Developing a Positive Basketball Culture
A positive basketball culture is the first thing you will need to build a winning basketball program. You will need to fight for this every single day in every thing you do–from the weightroom to your open gym sessions. When you face adversity your culture will be able to overcome any negativity if you have a strong foundation.
Jon Gordon is a master teacher on culture and I strongly recommend you check out some of my favorite books of his–The Energy Bus, The Power of a Positive Team, The Carpenter, and You Win In the Locker Room First.
When you start to establish your culture and identity as a positive team, you will then need to establish some core values for your program. We stole ours from Alabama and Nate Oats: Max Effort, Continuous Learning, and Selfless Love. We even tied Bible verses into these so we can reach our players spiritually.
Our program spent some money and put some cool signage up to improve our facilities with these words all around it for our players to see daily. The important thing is, you must fight for these values daily as a coach and hold your players accountable to them!
We talk about these values daily and what it means to live them out on and off the court to develop the entire individual. A few things we do is ask a player at the end of practice or a weight room session to name a core value. Then we will ask them to tell us how one player on our team lived it out today and why. This gets our kids thinking about the values constantly!
Developing a positive team chemistry always makes the season more enjoyable.
Getting Player Buy-In
When you are building your culture, you have to have players buy into your culture. One way you can do this as a coach is to have your players have some input. We asked our players to create a vision statement and standards they would like to live out daily that correlate with our core values.
One tip I got from a few experts on culture was don’t limit yourself when setting goals. For example: we want to win districts, go undefeated at home, and go to the State Tournament.
While those are great things, oftentimes everyone has those same goals. And what happens when you lose that first game at home? What happens when you don’t win districts but you can still advance? Or an even better question: what if your players do get complacent when they accomplish winning districts and going undefeated at home?
You can get complacent and think you achieved enough and you fall short of going even further than what you were capable of doing. So we made a vision statement instead that has seemed to really motivate our players to the next level.
They came up with the following: The FCS basketball team is a united group of brothers here to glorify Jesus through the game of basketball while exceeding the expectations of others, with the expectation to win everytime we step on the floor.
A few standards our players came up with through guided discussion include: Accountability, Communication, Elevate, Grit, Selflessness, and Servanthood.

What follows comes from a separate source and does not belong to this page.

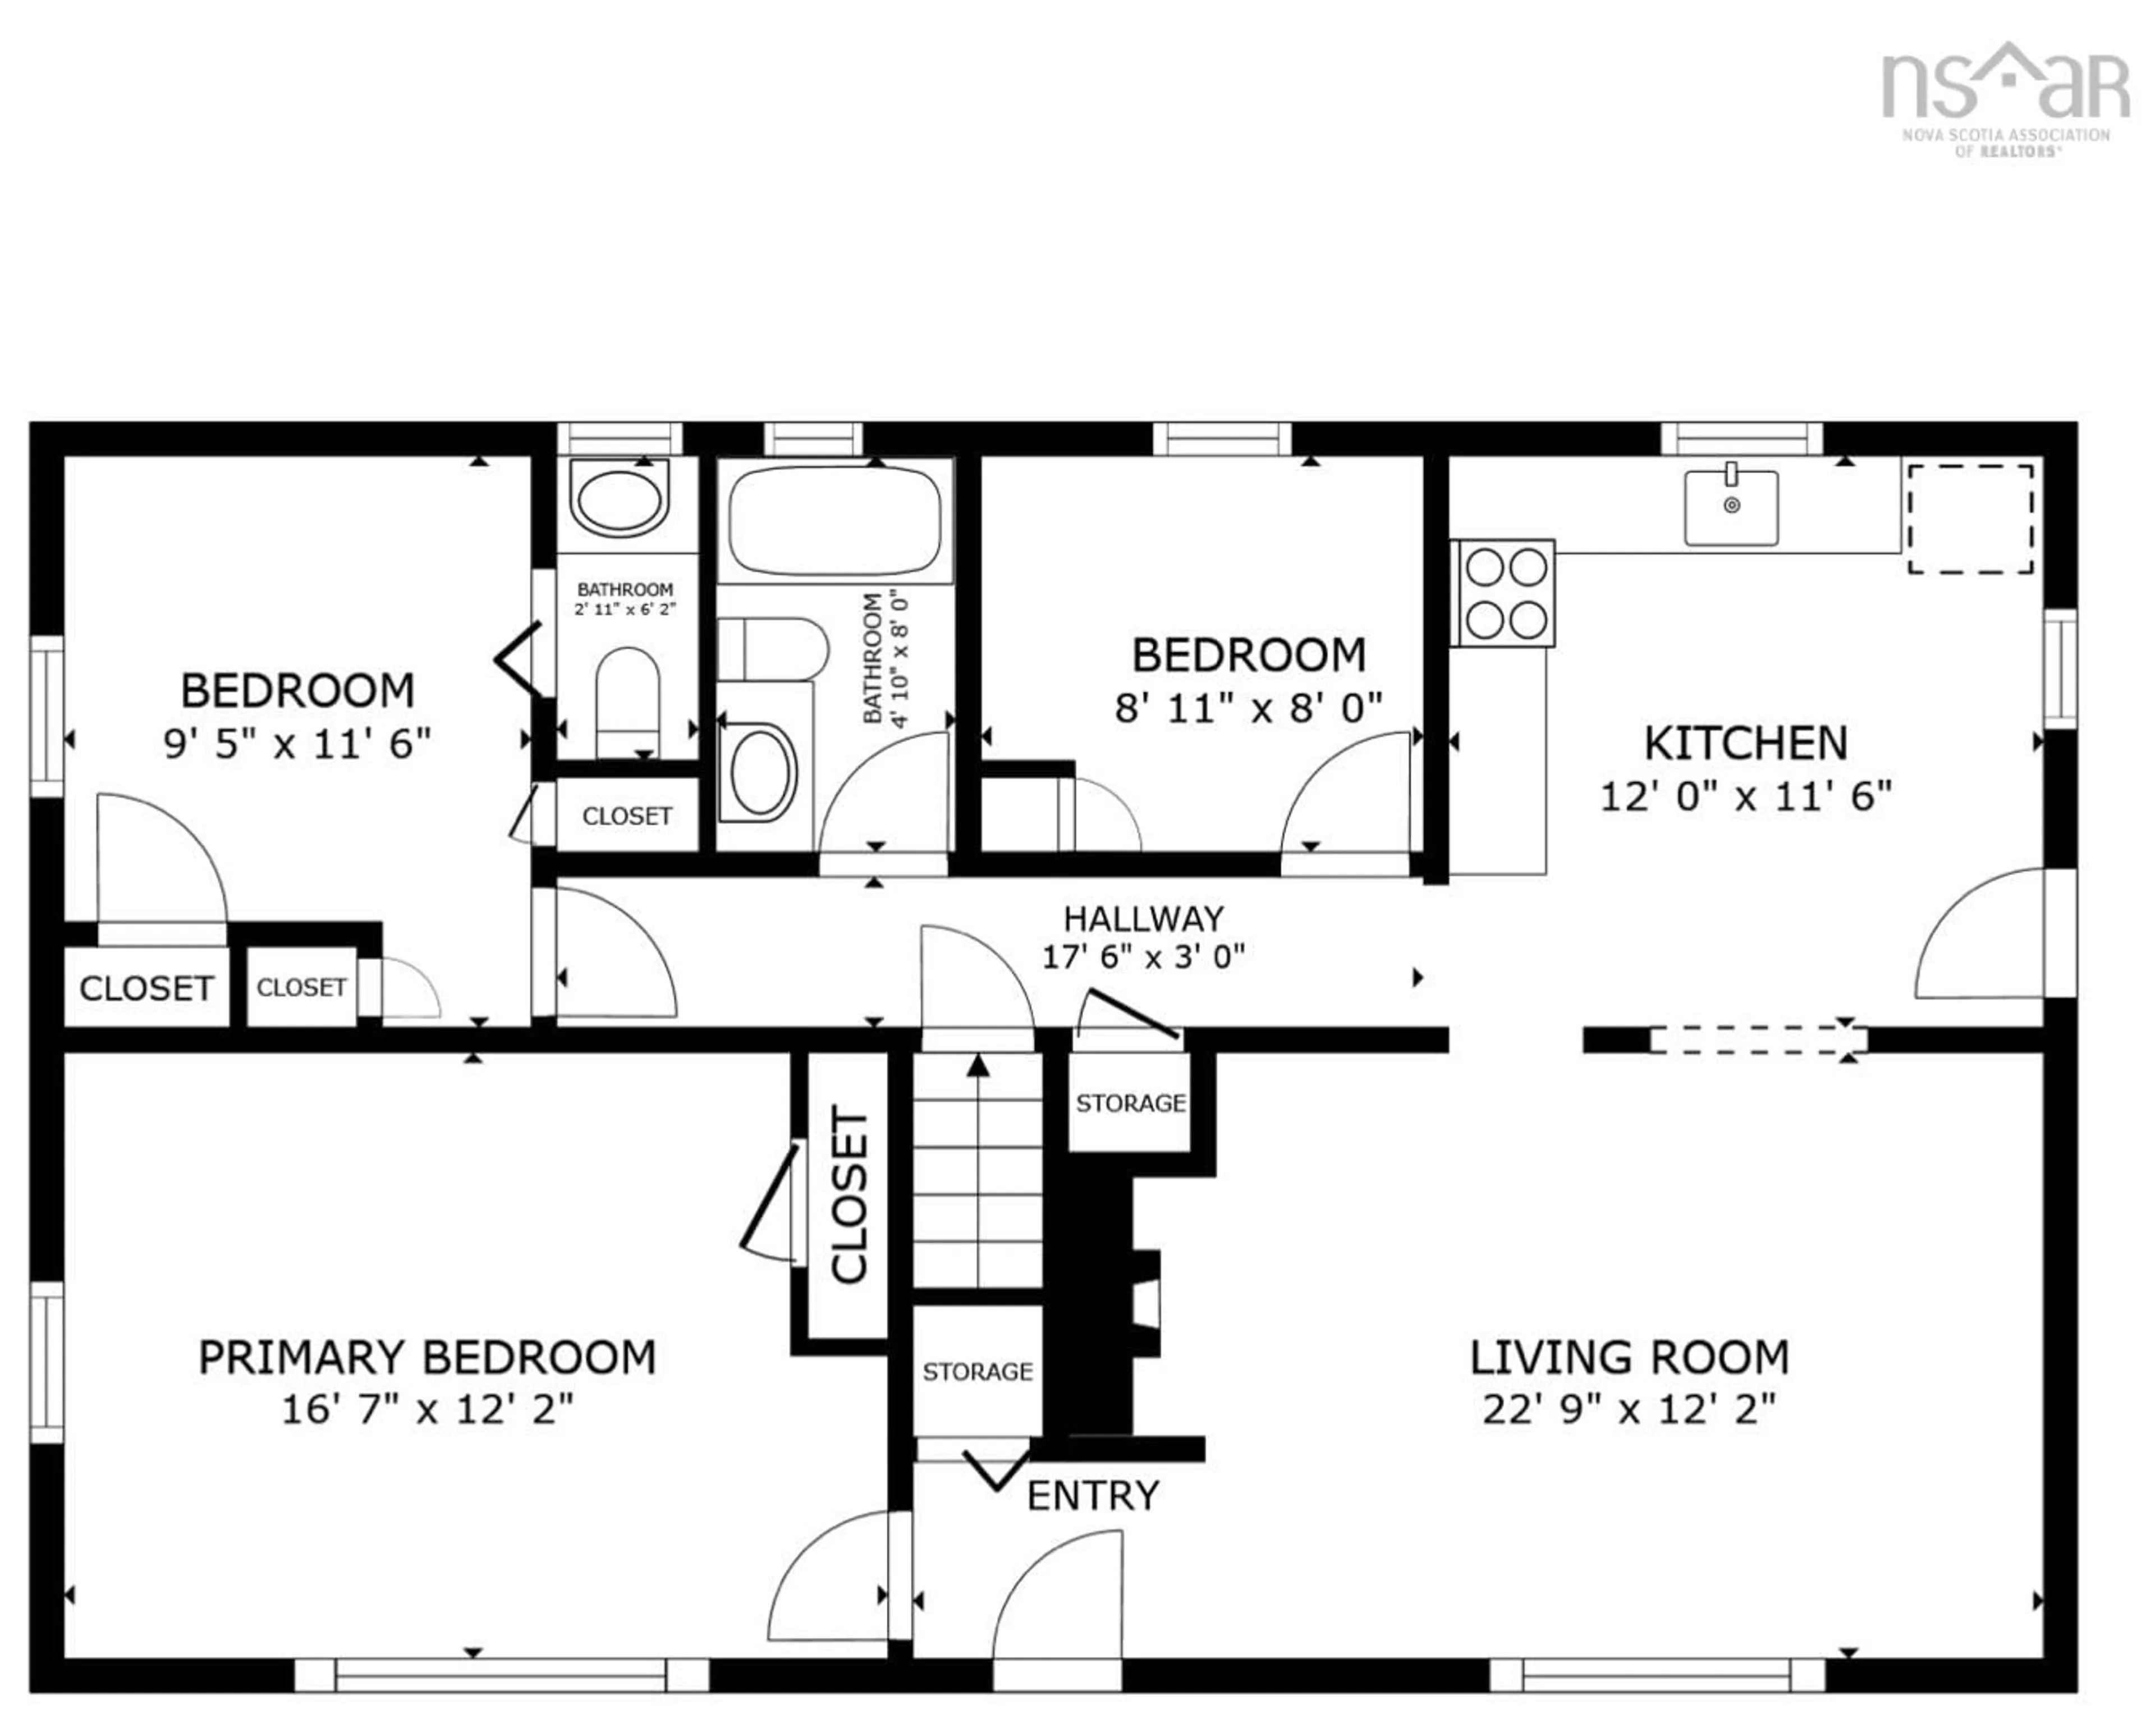 Floor plan for 1624 Valley Rd, Wentworth Nova Scotia B0M 1Z0

Kids have to have fun with the game of basketball and so do coaches! Basketball is a long season, and in a lot of ways it’s year round with post-season workouts, summer, pre-season, and in season. One way to avoid any burnout is to celebrate little things. Celebrate progress in the weight room. Celebrate winning two games in a row in season. And celebrate simple things like winning a situational segment in practice!
Another tip to have a positive basketball culture comes with making time for relationships with your players. Something I got from T.J. Rosene at Emmanuel College and PGC Basketball is to write out the names of three players on your practice plan and have a meaningful conversation with those players that day. Mix up the names each practice and you will be able to reach all of your players consistently.
Use Your Assistant Coaches
As coaches we have to trust our assistant coaches–we hired them for a reason! A tip I want to suggest is to delegate your work and let your assistant coaches lead in some areas of the program. For example, in the pre- and post-season, my assistant coaches lead all my weight room and skill development days. As the head coach I serve as the manager and see the big picture.
My assistants will run everything by me and make sure it is in alignment with what we are trying to accomplish. This allows your players to hear someone else’s voice and allows you to save yours more so for the season! You also are helping your assistant coaches who want to move on to become a head coach one day.
I would also encourage you to write out other areas of your program you can delegate to your assistants. I really like the defensive end of the floor, so I call one of my assistants the “offensive coordinator.” We run a read and react/dribble drive hybrid offense, so I give him free reign out of that to come up with ways to improve our offense, drills, small sided games, etc. This also limits my film, as he will watch everything on us offensively and I will watch everything defensively.
I hope you found some useful tips and strategies that have worked for our program. Best of luck this season!